Canadian PoliticsCanada-USA

Regulations are boring, bone dry and tedious, right? Red tape–better to get rid of it! That is the type of message you are likely to start hearing, as the “Smart Regulation” agenda for Canada rolls out. It is sure to get some support from those of us who feel we are under siege from constant demands for more paperwork. But take a closer look. Is “Smart Regulation” really smart?

Regulations are the rules that we make, via various levels of government, that define the scope and conditions of legal behaviour for businesses and individuals. The ability to regulate is a fundamental aspect of sovereignty. Regulation is the mechanism that makes the policy rubber hit the reality road.

The business class in North America has been chafing under the “irritation” of Canadian regulations. Minor differences between U.S. and Canadian regulations are making it hard to do business, they say. In 2003, the federal government responded to their hurt by appointing the External Advisory Committee on Smart Regulation (EACSR) to come up with some recommendations about how the process of regulation and the type of regulations in Canada could be “improved.”

The EASCR, which included corporate directors from the petroleum, biotech, pharmaceutical, hydro, coal, agri-business, mining, security-intelligence and financial sectors, reported to the prime minister in September, 2004. Paul Martin affirmed his commitment to implementing its recommendations in his subsequent throne speech.

The EASCR articulated a vision that is quite alarming. Protection has a bit part in this vision, while the market is the superstar. The vision statement confuses the regulatory role creating boundaries and limits on companies’ behaviour with the commercial role of promoting economic expansion and trade. “Smart Regulation” is not about efficiency and streamlining government. Rather, it is an integral part of deep integration, the process that would merge the Canadian and American economies.

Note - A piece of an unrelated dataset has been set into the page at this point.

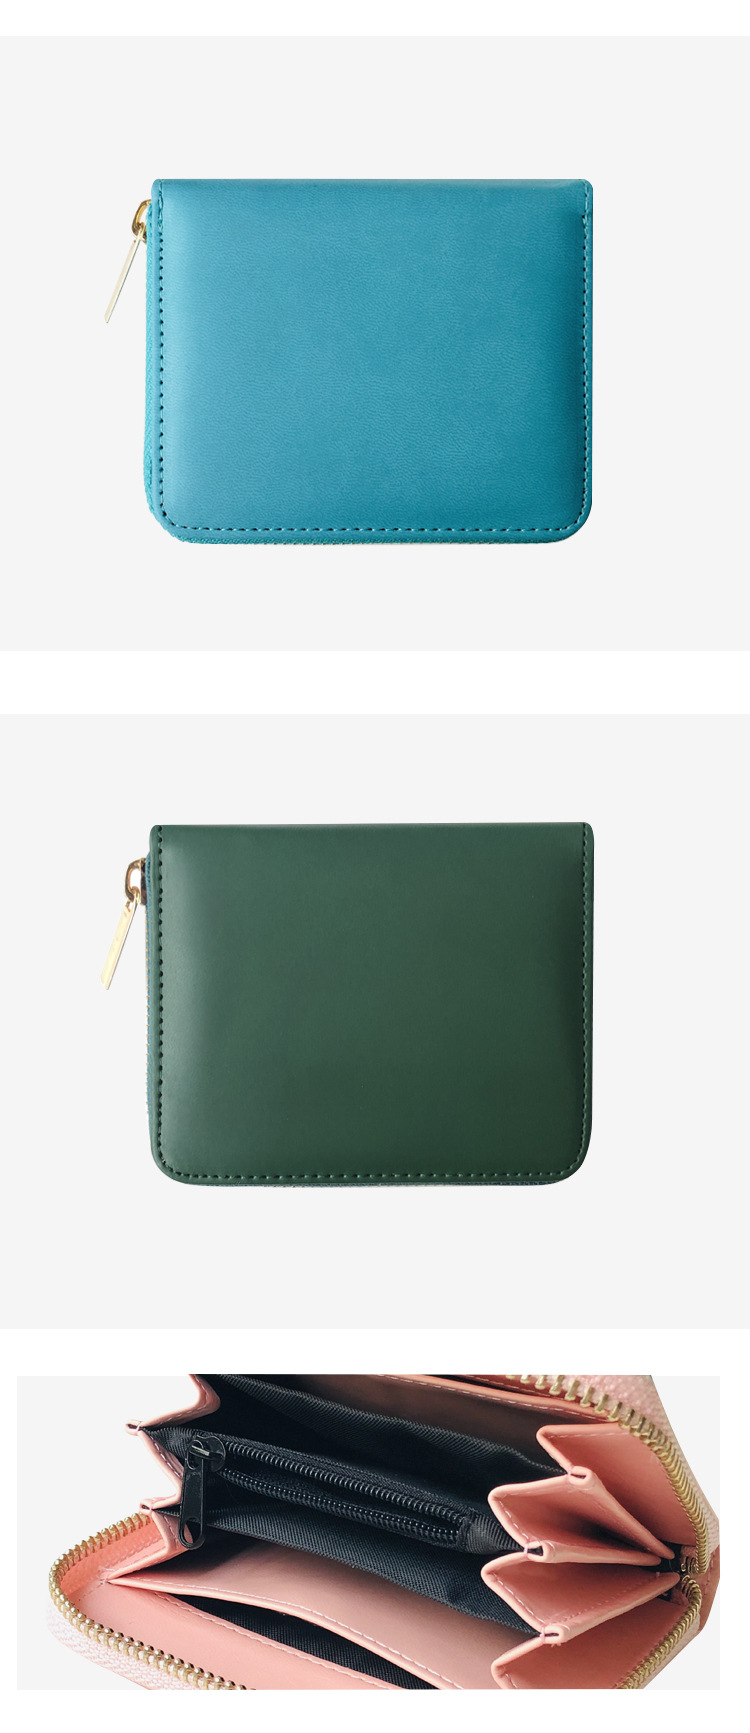 Nouvelle mode corenne zipper loisirs petite carte sac portecarte d39identit petit portefeuille pour femmes en grospicture8

Because regulation is a widely ignored topic, far less exciting than kickback scandals or vote-of-confidence brinksmanship, deep-integration strategists understand that regulatory harmonization is easier to deal with politically than overt policy integration.

The North American Agricultural Market Integration Consortium outlines in its “Roadmap to Agricultural Policy Integration” that “systematically pursuing harmonization one step at a time has the basic advantages of preparing and levelling the agricultural infrastructure for change while allowing a gradual adjustment to the newly evolving economics of agriculture and food.” The same paper notes that “harmonization can be taken one step at a time. However, with each step a degree of national sovereignty is lost, which may be the greatest deterrent to harmonization.”

Under “Smart Regulation,” safety, health and protection take a back seat to innovation, participation in the global economy, competition and other market-based values. According to renowned philosopher Jane Jacobs, such an admixture of “trader” and “guardian” functions produces a “monstrous moral hybrid,” since the ethics of the two are incompatible, even mutually exclusive.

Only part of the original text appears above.